_WHAT NEEDS TO BE DONE:_
From the line containing "Makro, Kwiat, Czarnuszka" to the last line of the listing, both included, copy every line exactly and drop the pictures.

_DATASET SECTION:_
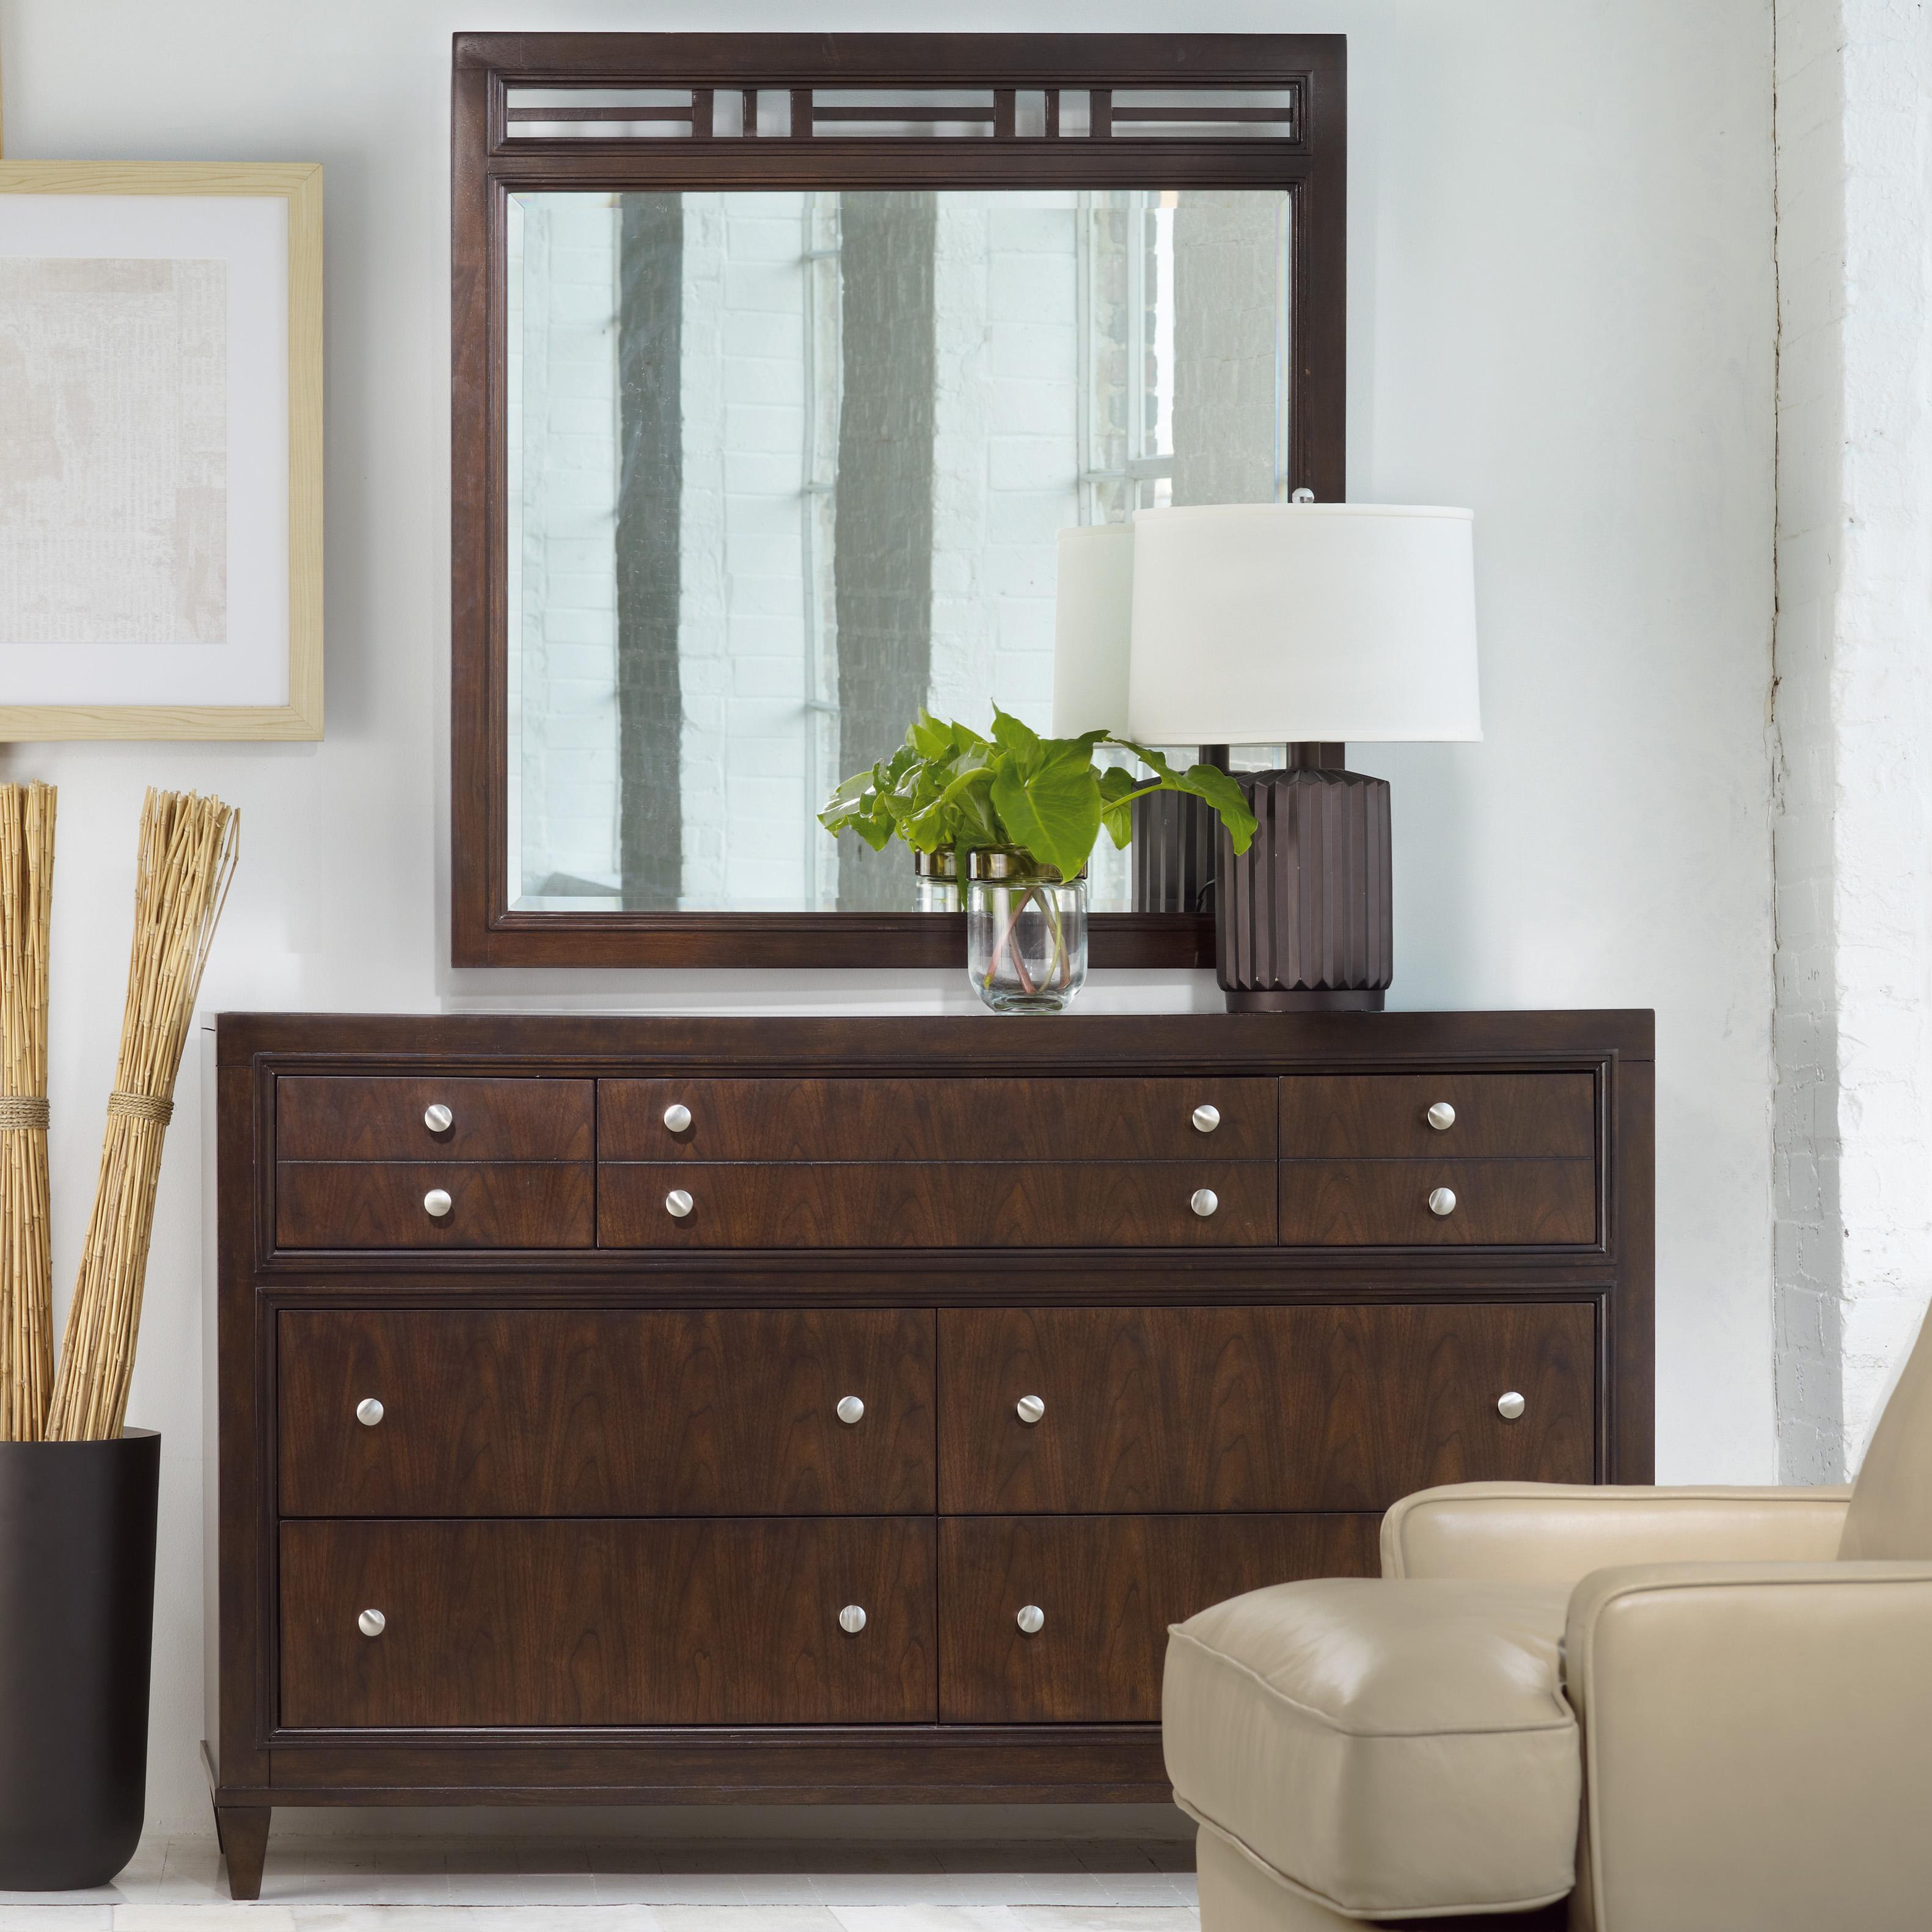 Hooker Furniture Ludlow Dresser & Mirror - Item Number: 1030-91002+91009
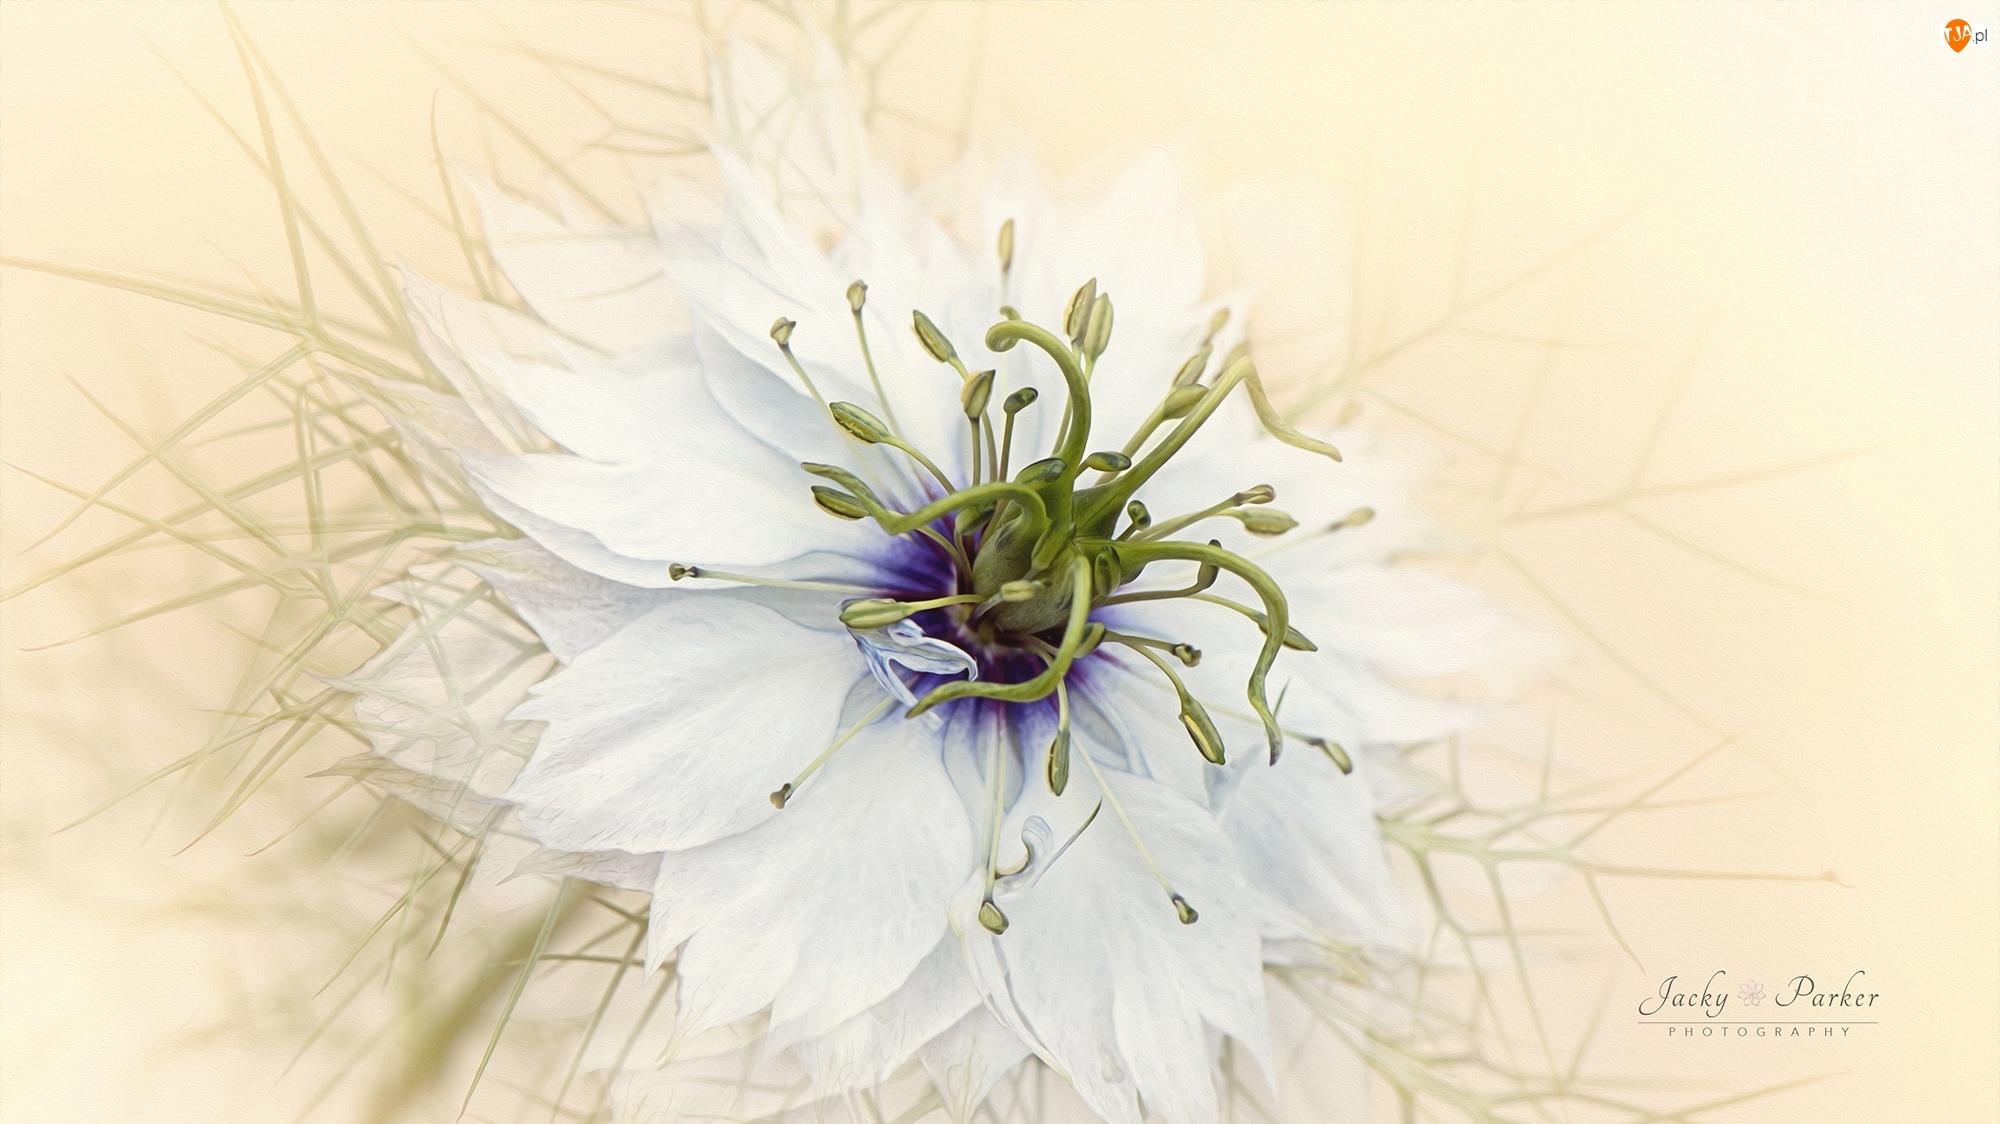 Makro, Kwiat, Czarnuszka damasceńska, Pręciki
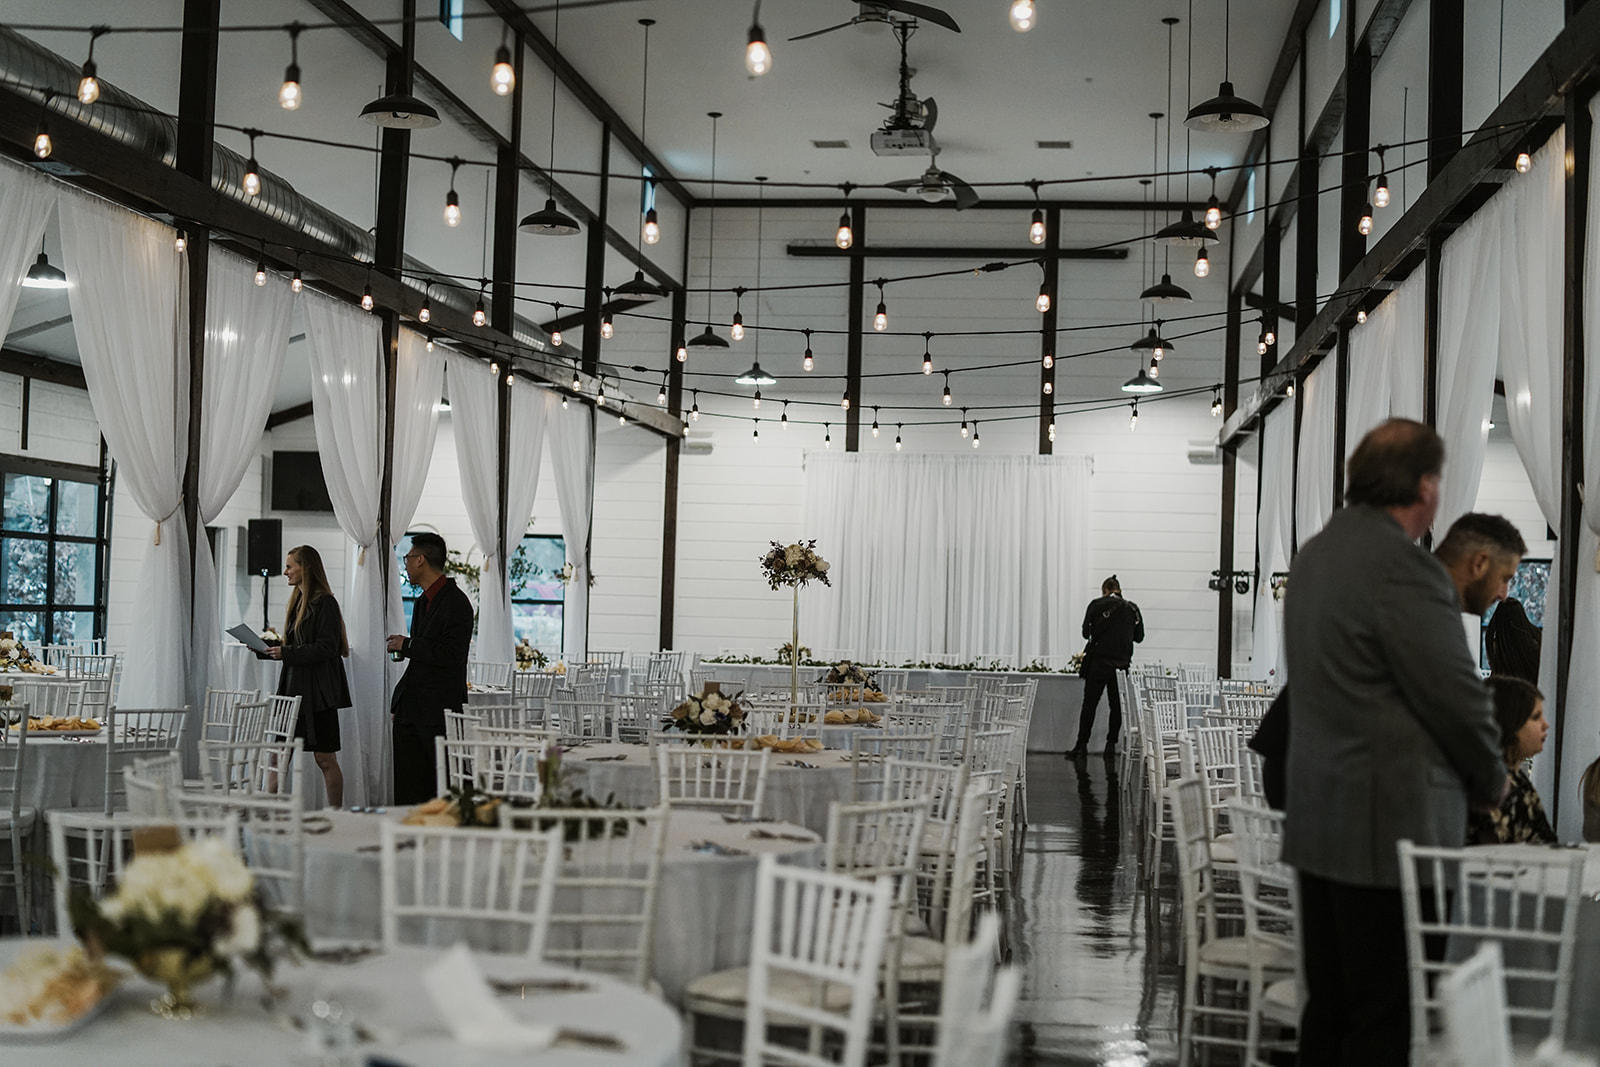 Bixby Tulsa White Barn Wedding Venues 5.jpg

_SOLUTION FOR THIS PROBLEM:_
 Makro, Kwiat, Czarnuszka damasceńska, Pręciki
 Bixby Tulsa White Barn Wedding Venues 5.jpg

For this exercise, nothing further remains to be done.